'''
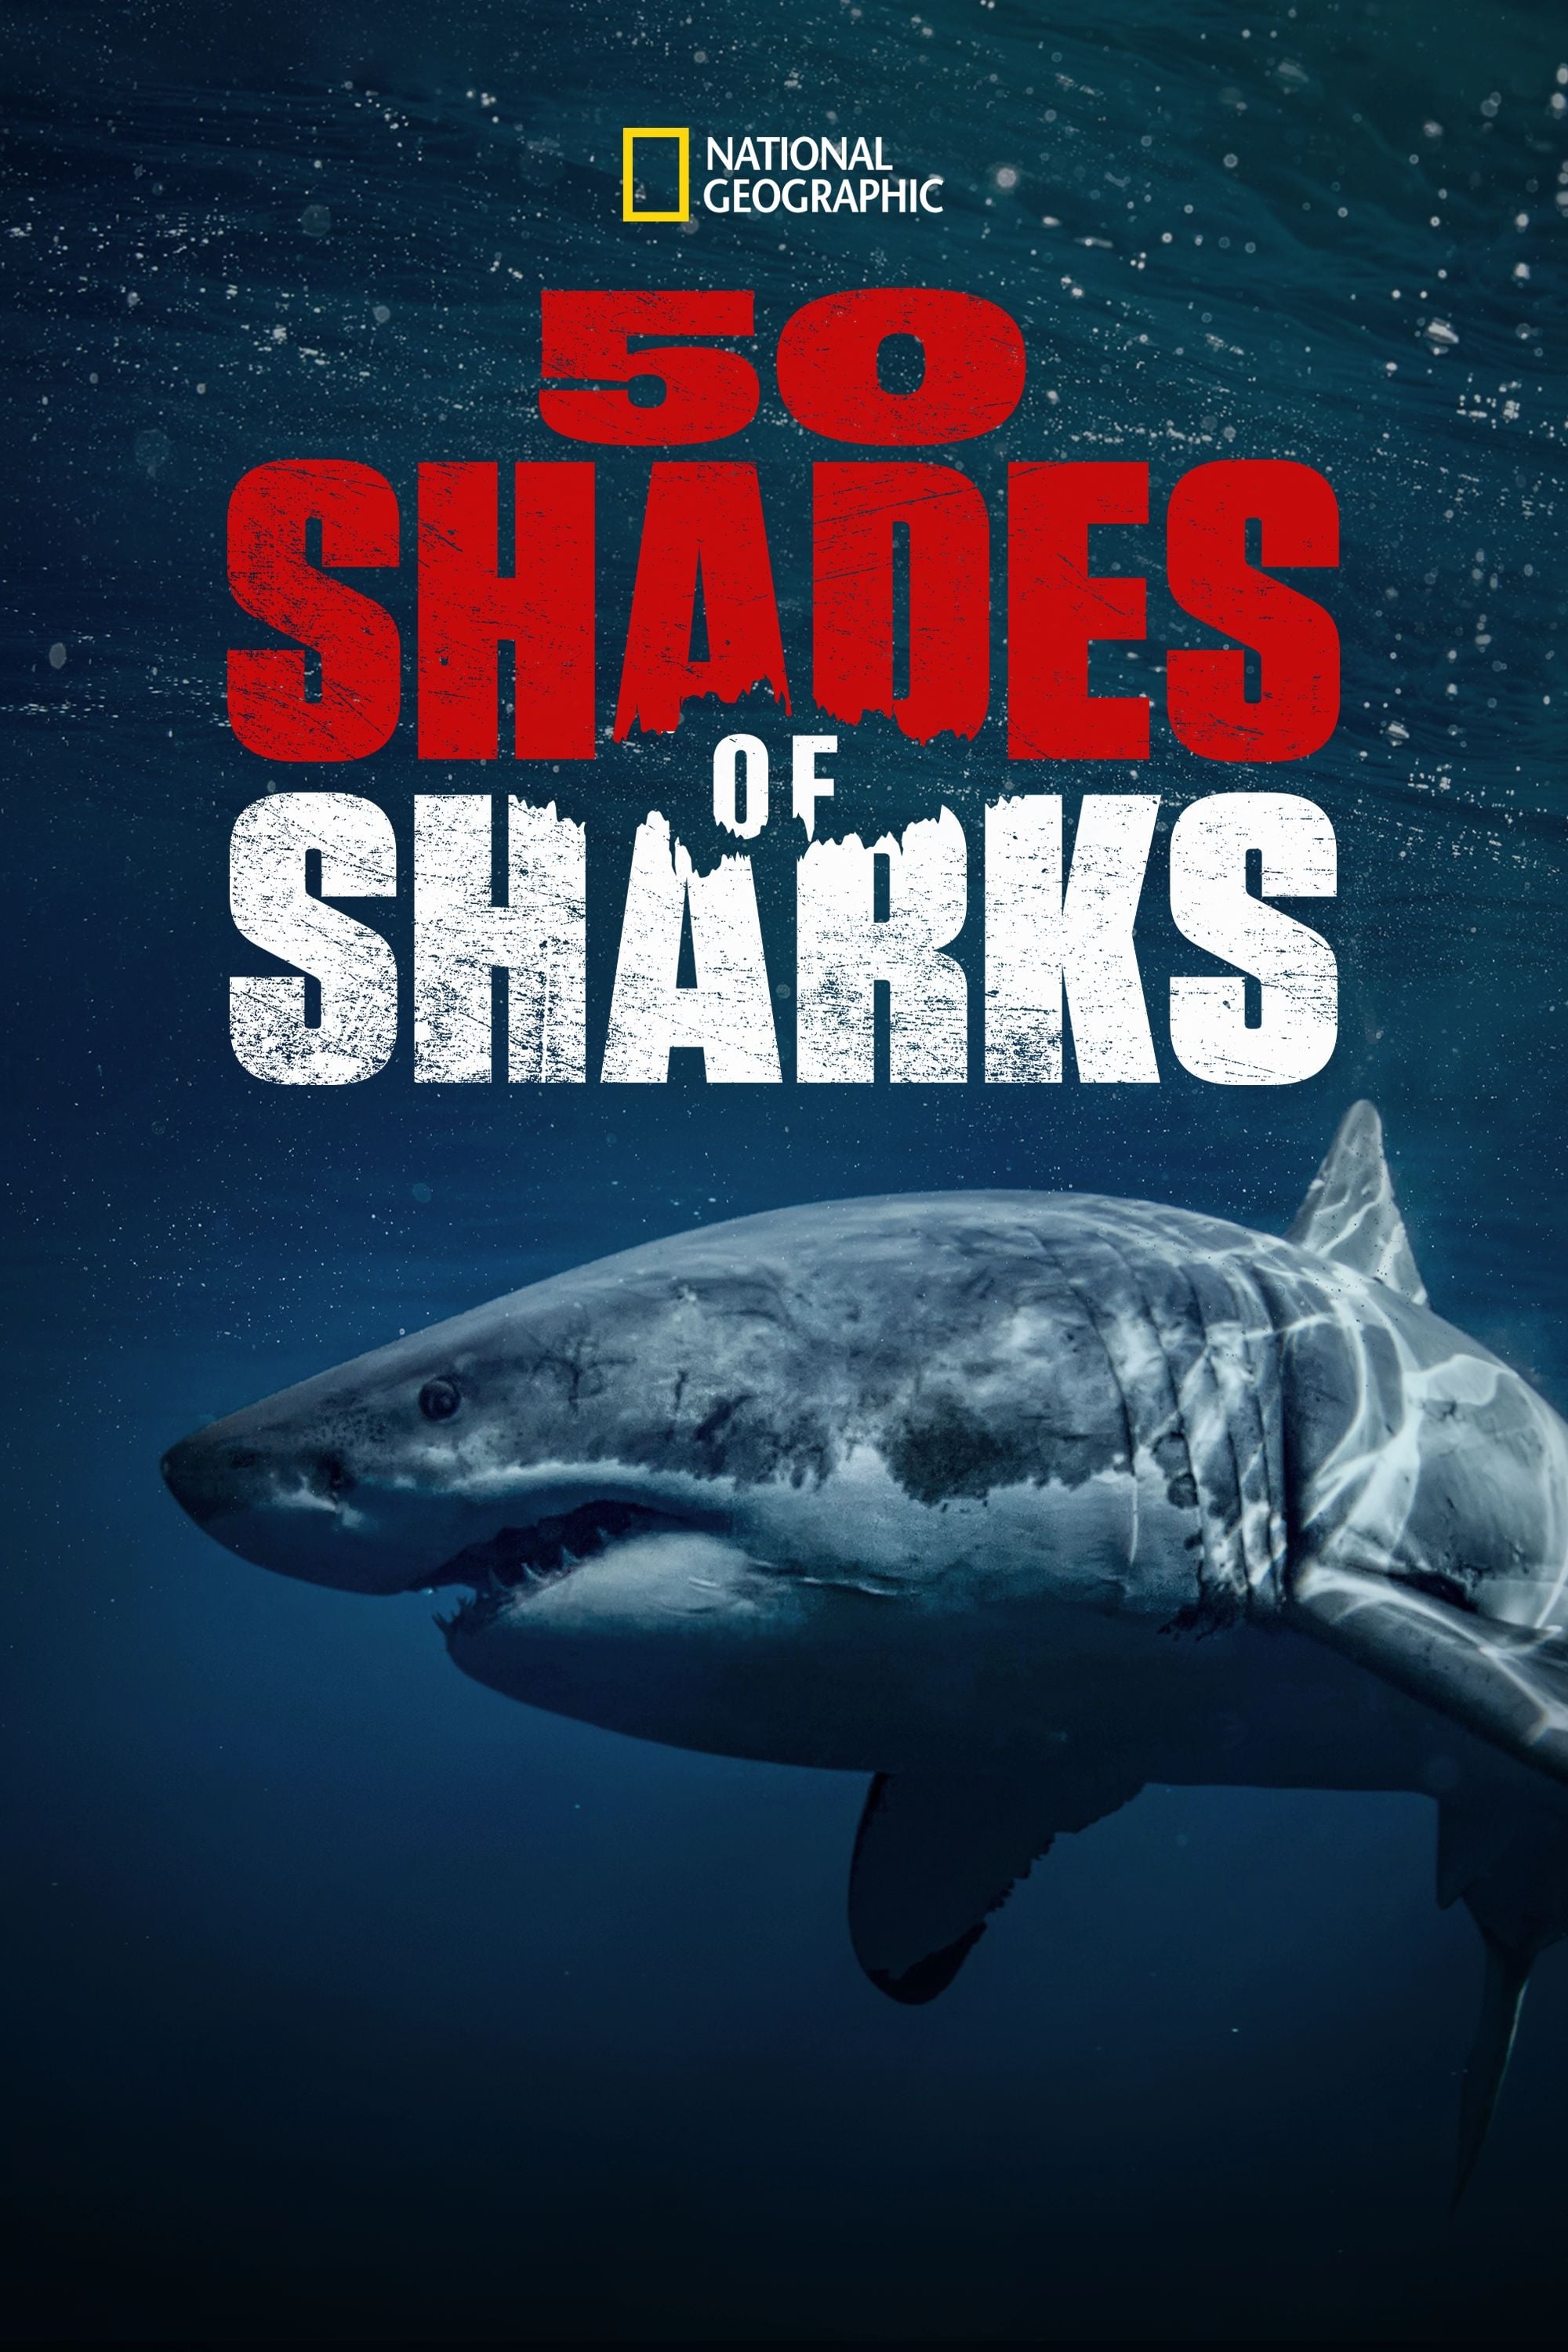 50 Shades of Sharks
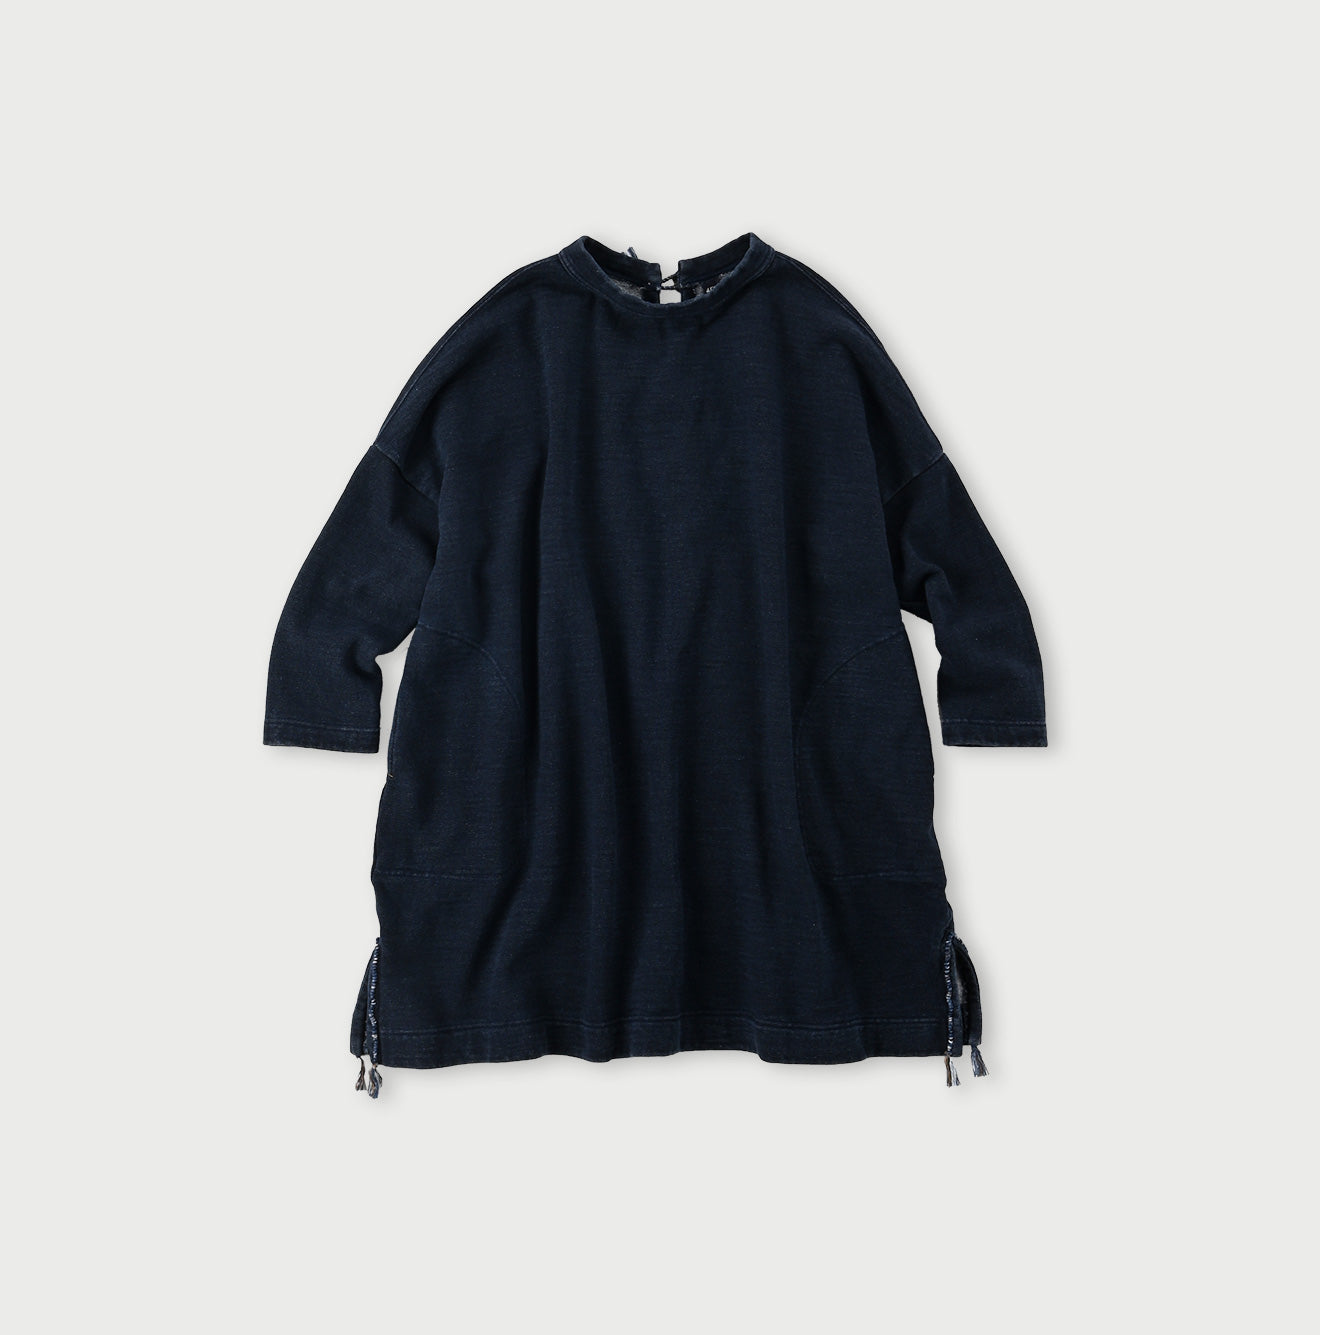 ONEONE Cotton Fleece Tunic – 45R Global
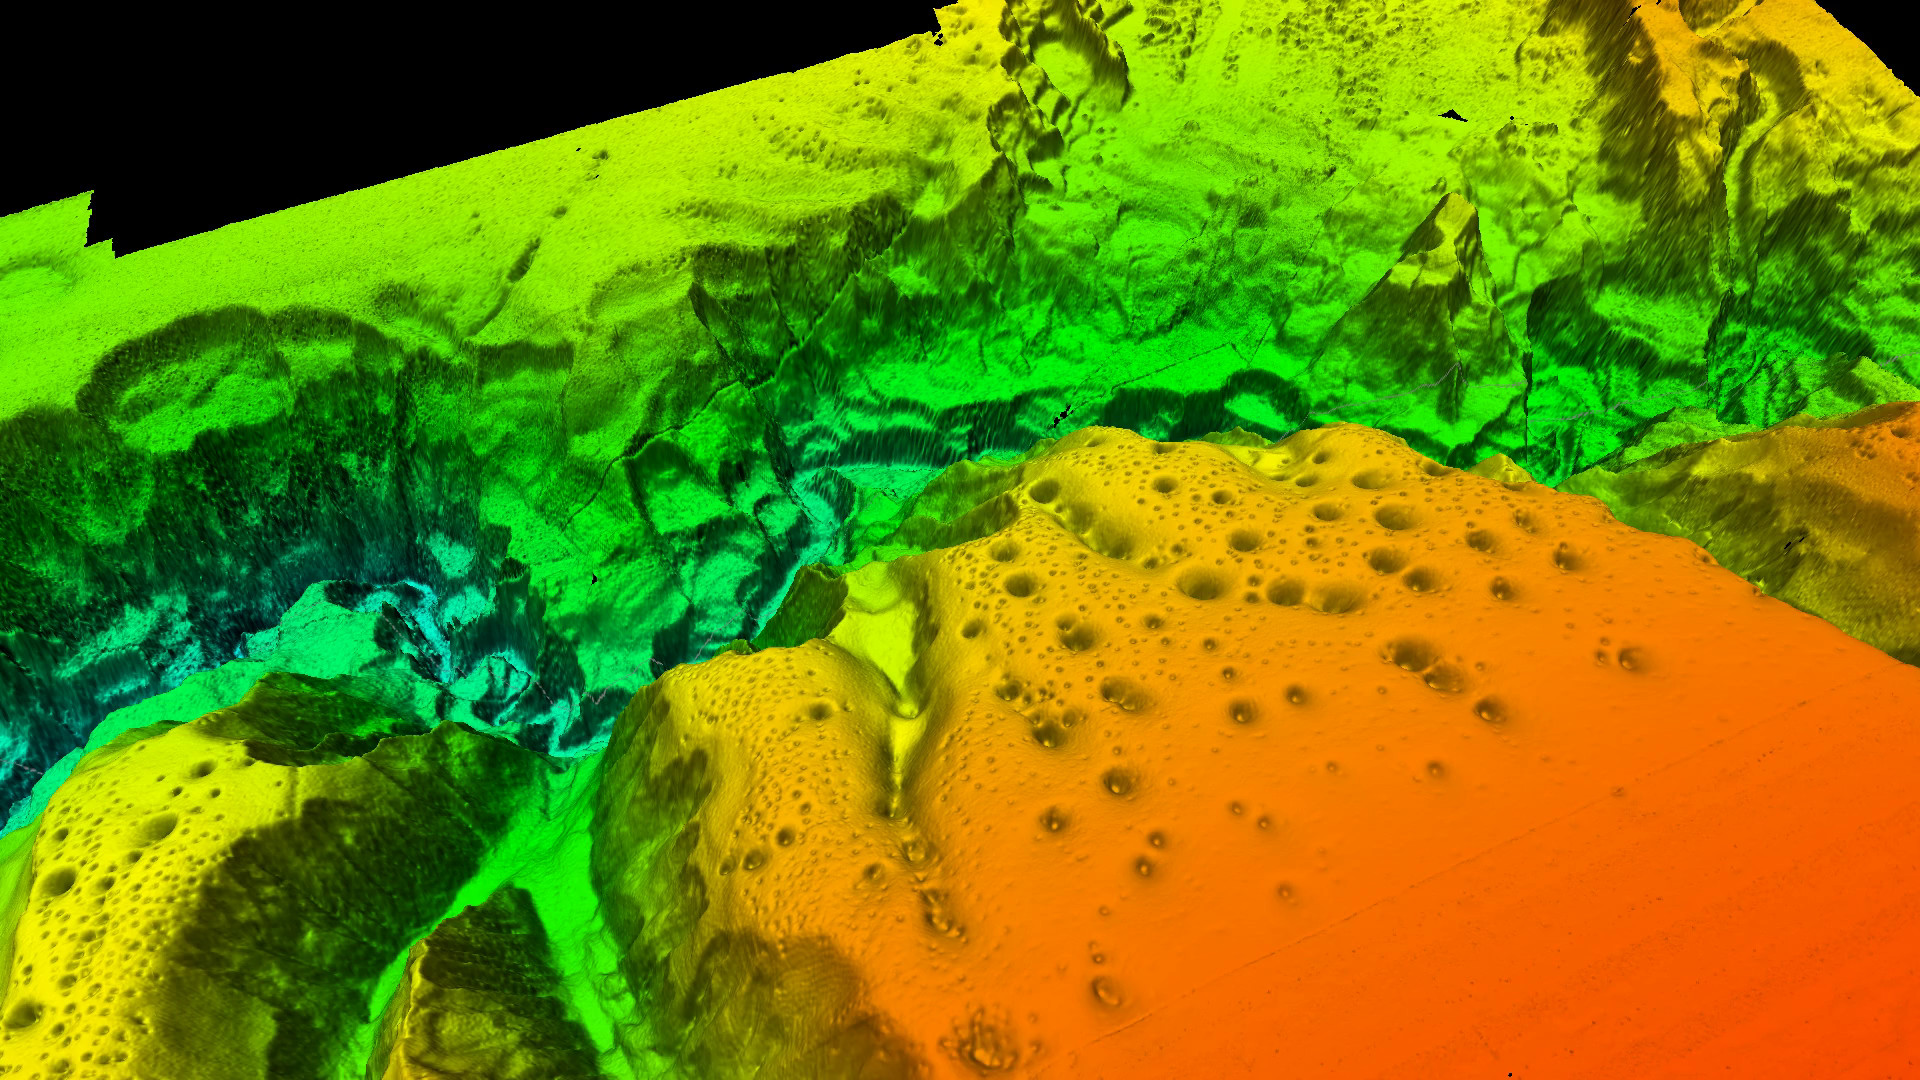 Reconstrucción 3D del fondo marino de Capbreton / IEO
'''
## PROBLEM TO WORK ON:
Reproduce the preceding material exactly, skipping pictures.

## WRITTEN ANSWER:
 50 Shades of Sharks
 ONEONE Cotton Fleece Tunic – 45R Global
 Reconstrucción 3D del fondo marino de Capbreton / IEO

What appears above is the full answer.